*Work request*
A faithful, picture-free copy of the listing below is required.

*Recorded data*
--*--

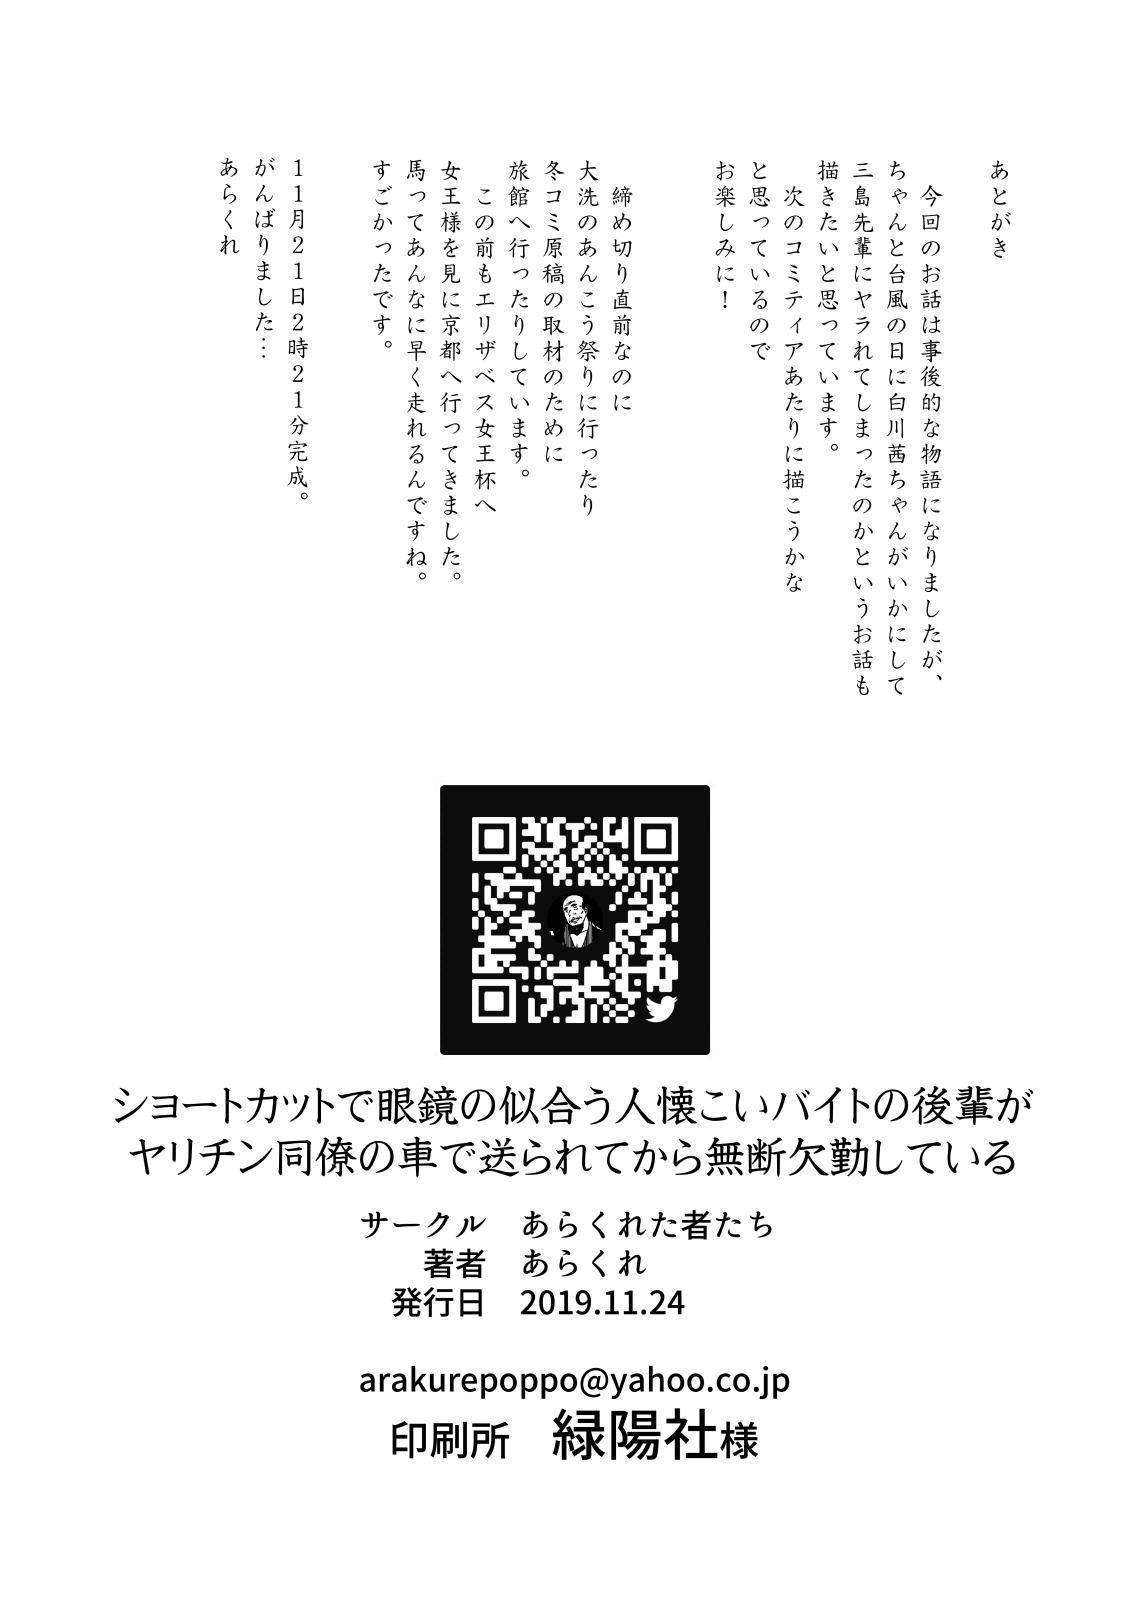 Shortcut de Megane no Niau Hitonatsukoi Beit no Kouhai ga Yarichin Douryou no Kuruma de Okurarete kara Mudankekkin Shiteiru + Omake 21
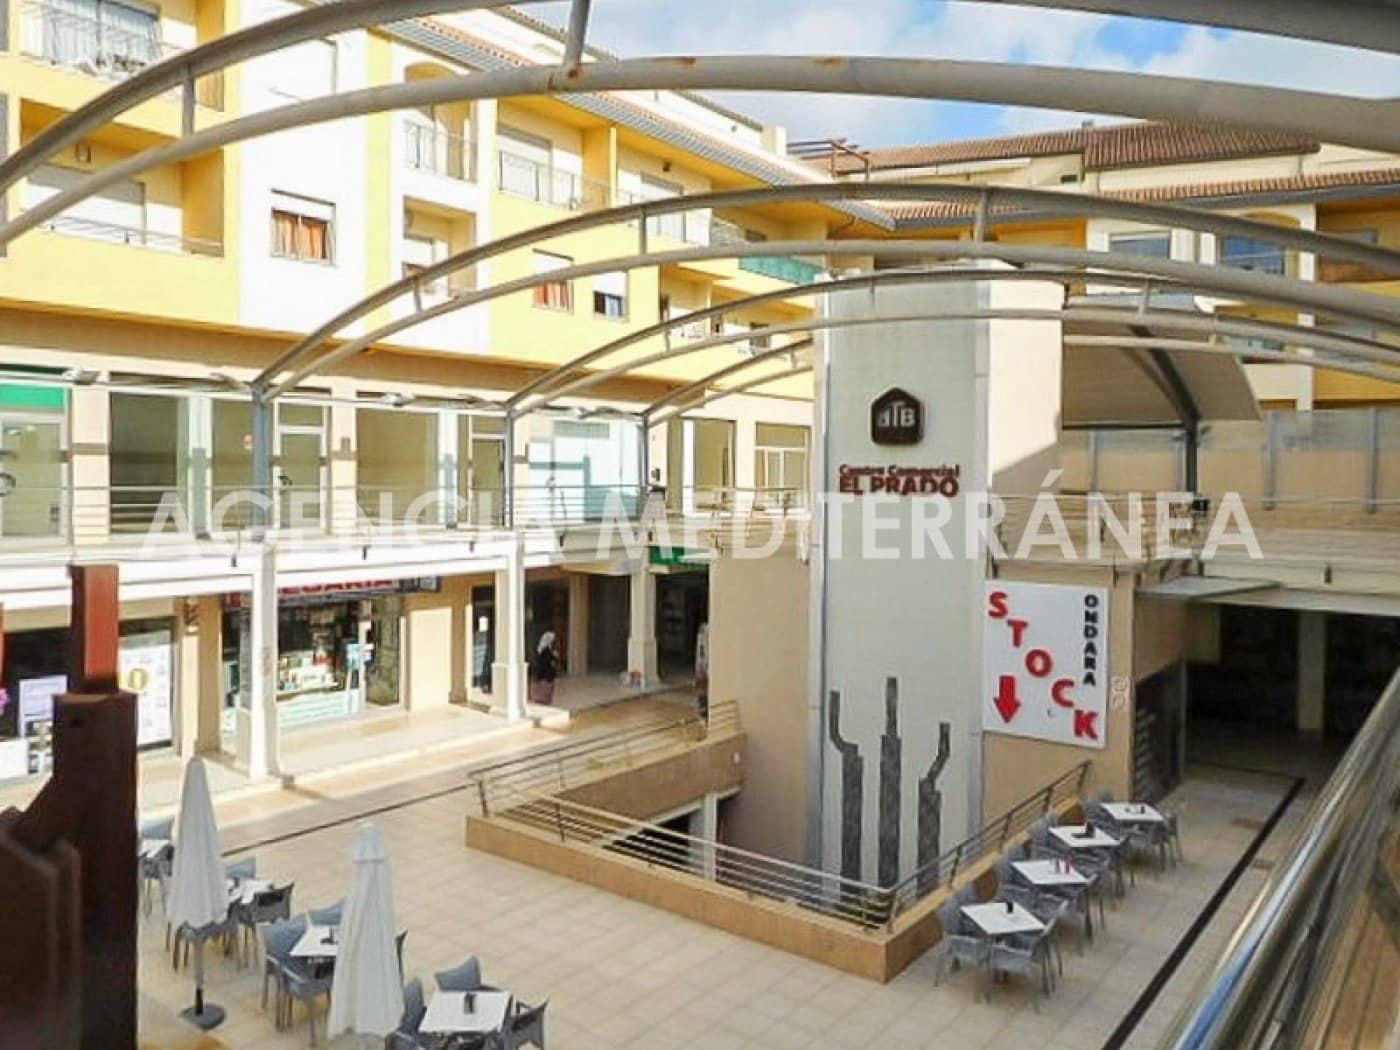 Local Comercial en Ondara en venta - 180.000 € (Ref: 5073932)
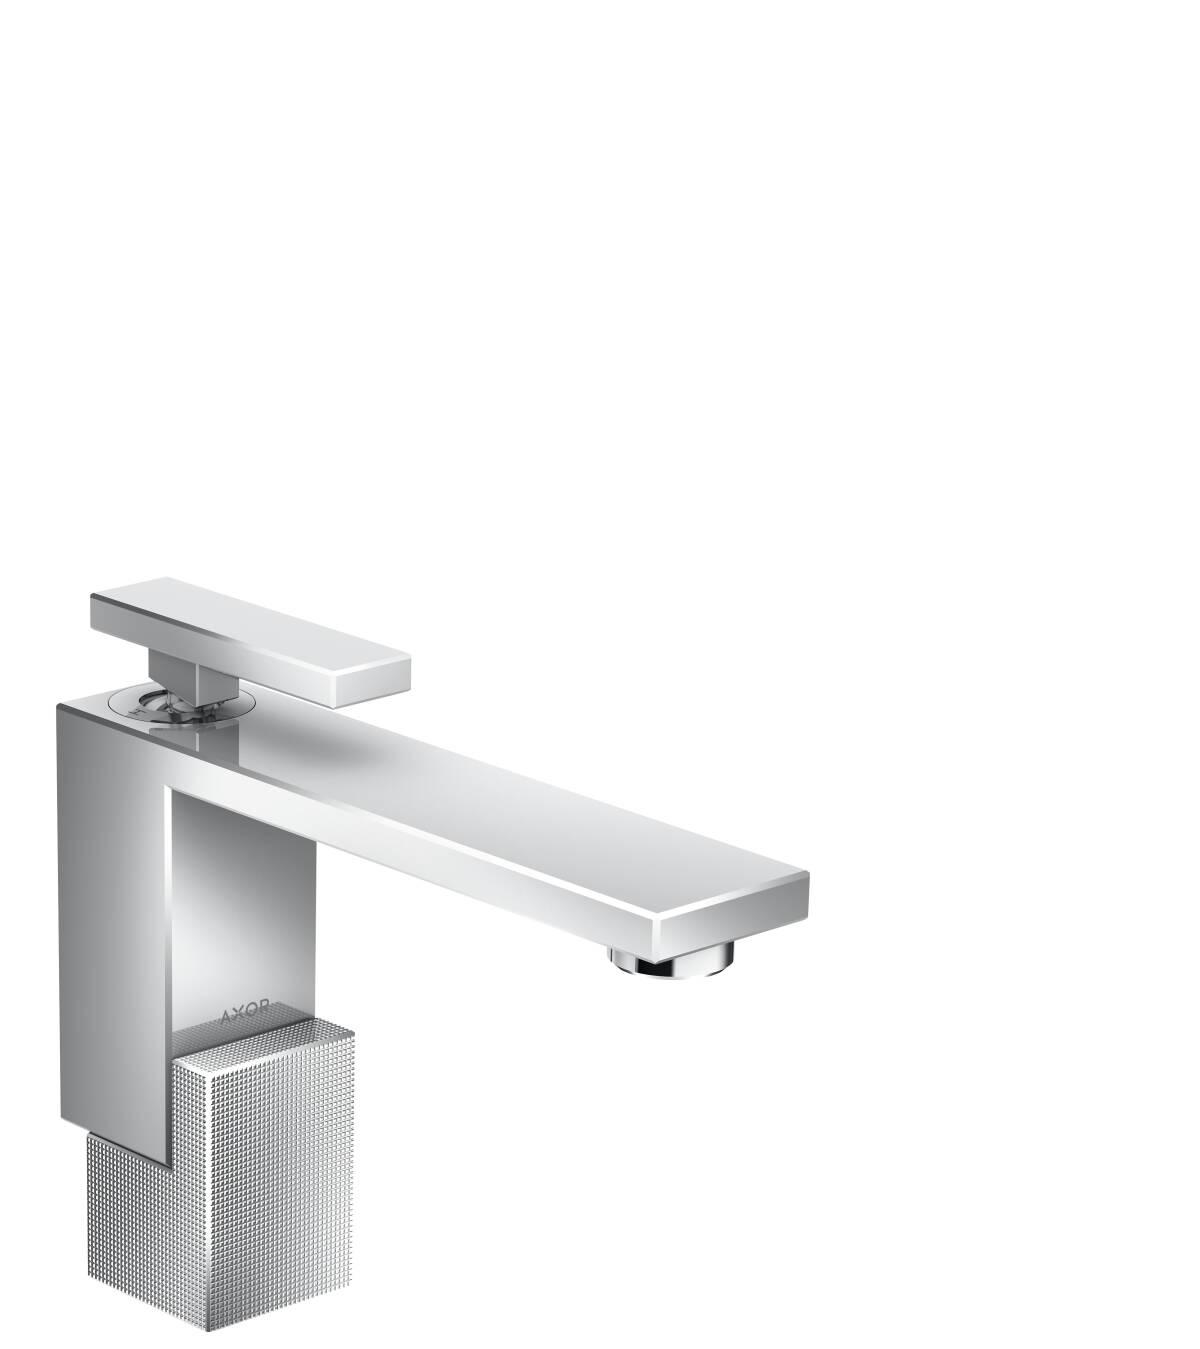 Einhebel-Waschtischmischer 130 mit Push-Open Ablaufgarnitur - Diamantschliff, Chrom, 46011000

--*--

*Task output*
 Shortcut de Megane no Niau Hitonatsukoi Beit no Kouhai ga Yarichin Douryou no Kuruma de Okurarete kara Mudankekkin Shiteiru + Omake 21
 Local Comercial en Ondara en venta - 180.000 € (Ref: 5073932)
 Einhebel-Waschtischmischer 130 mit Push-Open Ablaufgarnitur - Diamantschliff, Chrom, 46011000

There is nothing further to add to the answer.